Местные называли эти места Чернолесьем. Не из-за деревьев - сосны здесь были обычные, - а из-за странной тени, которая ложилась на землю даже в самый ясный день.
Мы поехали туда с целью изучить это место, заодно и пошикатать нервишки. Но мы не знали какие последствия будут от этого. Настя достала из рюкзака пожелтевшее письмо - последнюю весточку от брата, пропавшего тридцать лет назад. Бумага пахла плесенью и чем-то лекарственным.
*"Если читаешь это - не приезжай. Она ходит за нами, как тень. Вожатая..."*
Последняя страница была изъедена странными дырочками, будто её кто то грыз.
Маршрута на которой мы добирались, явно отслужила свой срок. Сиденья были покрыты липкой плёнкой, а из динамиков доносились не песни, а странное потрескивание, будто кто-то водил иглой по старой пластинке.
Водитель - коренастый мужик с лицом, напоминающим смятый пакет - весь путь молчал. Лишь когда мы стали выходить, хрипло бросил:
"Обратных рейсов нет. Если решите уходить - идите вдоль реки. Но не ночью. Ночью она меняет русло."
Саша, сидевший у окна, вдруг резко втянул воздух:
-Вы... вы видите её? На обочине? Девочку в мокром галстуке?
Мы обернулись. Дорога была пуста. Но на стекле остался влажный отпечаток детской ладони.
Лагерные ворота когда-то были голубыми - теперь краска слезла, обнажив ржавое тело. На табличке "Солнечный" кто-то грубо выцарапал слово "Межа".
Артём первым заметил странность:
-Ребята... ворота заперты изнутри.
Цепь и амбарный замок действительно были накинуты с нашей стороны. Но за последние десять лет здесь явно никто не бывал.
Настя подошла ближе и вдруг вскрикнула, металл под её пальцами оказался... тёплым. Будто кто-то только что держался за него.
Мы перелезли через ограду. Мои ладони покрылись странной липкой субстанцией - не ржавчиной, а чем-то органическим. Позже, при свете фонарика, я увидел - это была запёкшаяся кровь, смешанная с сосновой смолой.
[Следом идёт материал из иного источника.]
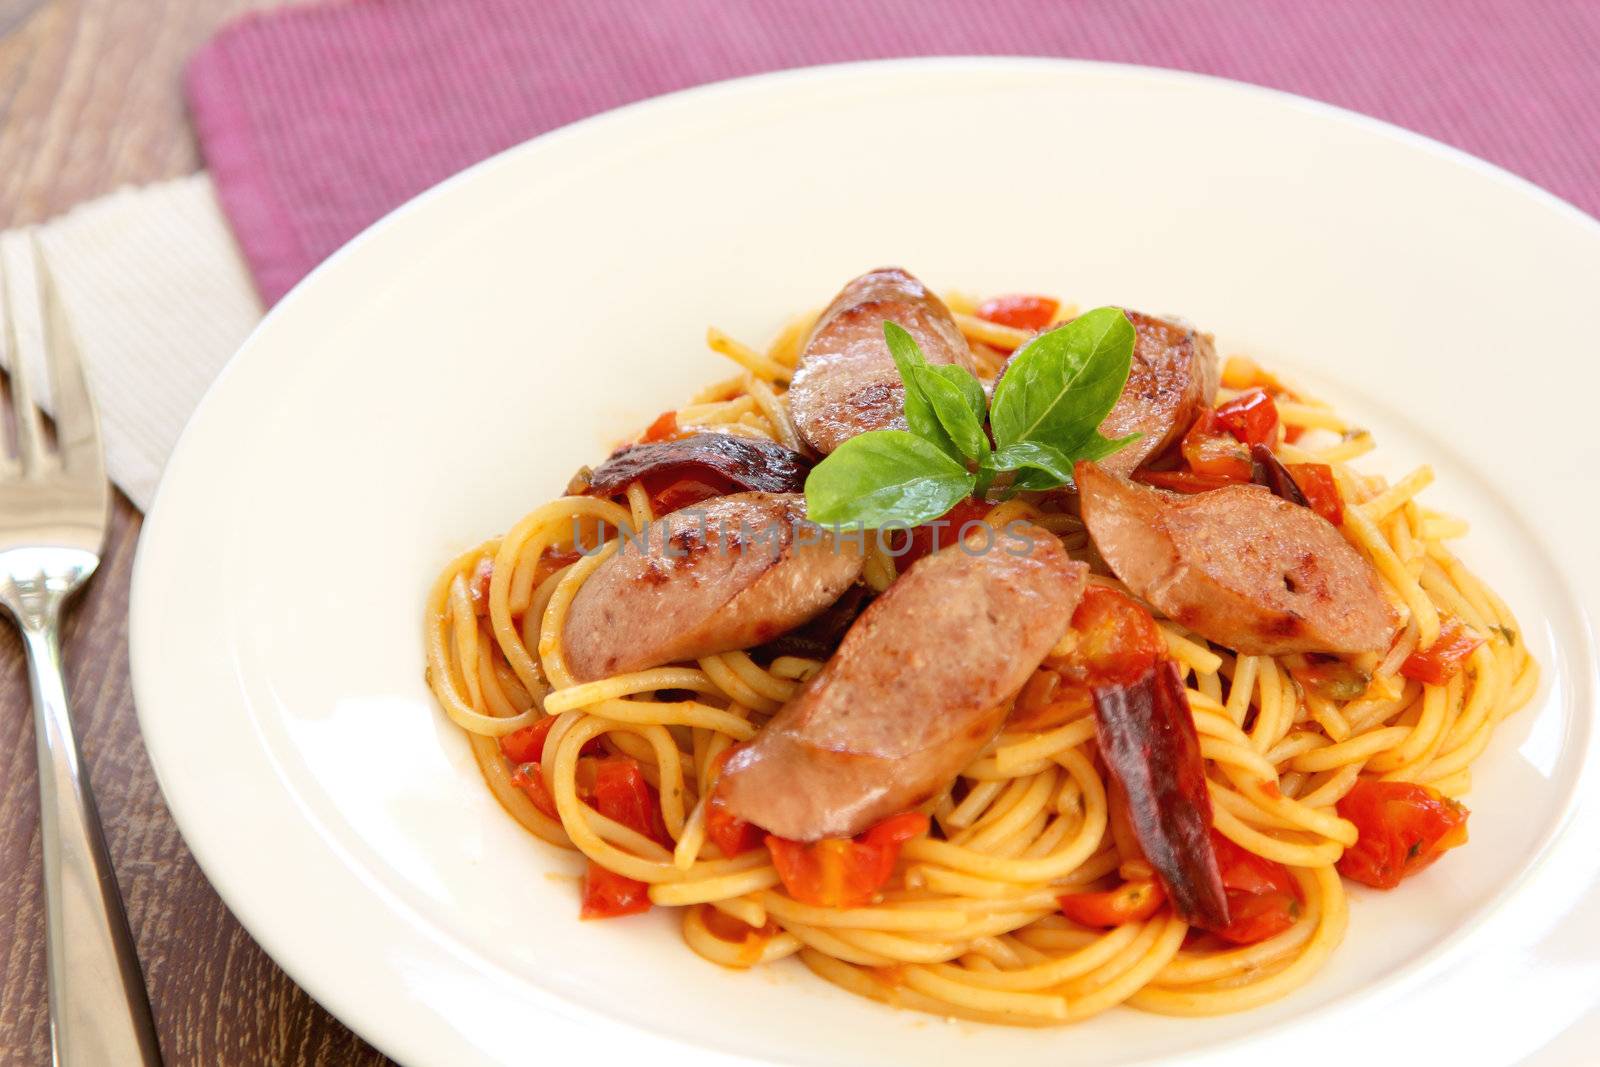 Spaghetti with sausage and tomato by vanillaechoes

Здание администрации сохранилось лучше других. Сквозь разбитые окна виднелись пожелтевшие бумаги на столах - будто сотрудники вышли пять минут назад.
Лиза нашла журнал посещений. Последняя запись:
*"17.07.89. Отряд №4. 28 человек. На ночное мероприятие."*
Ниже - росчерк: *"М.П."*
Следующая страница была вырвана. Но на обратной стороне остался отпечаток - кто-то писал что-то с такой силой, что чернила проступили:
*"ОНИ НЕ ВЕРНУЛИСЬ ИЗ ЛЕСА"*
Вдруг с верхнего этажа донёсся грохот. Мы замерли - явственно слышалось, как что-то тяжёлое волочится по полу... И мы решили не рисковать и поспешили уйти отуда.
Здание столовой пахло кислым супом и чем-то ещё - сладковатым, тошнотворным. Как испорченные консервы.
Лёша первым зашёл на кухню:
-Чёрт... здесь всё как будто вчера готовили.
Кастрюли стояли на плитах, в некоторых даже осталась еда - давно превратившаяся в чёрную жижу, но... без следов плесени.
Я заметил узкую дверцу за котлом. Внутри - крошечная камера с матрасами. На стенах - царапины. Не надписи, а счёт:
|||||
Каждая группа - пять палочек, перечёркнутых диагональю.
Последняя дата - 17.07.89.
Дверь захлопнулась сама. Снаружи раздался детский смех.
Когда мы выбили её, Лёши внутри не было. На полу лежал его диктофон. Запись:
*"Пять ударов топором за ложь. Семь минут под водой за болтовню. Исправляйся. Исправляйся. ИСП..."*
Голос на плёнке был не человеческий - что-то имитировало речь, копируя интонации, но не слова.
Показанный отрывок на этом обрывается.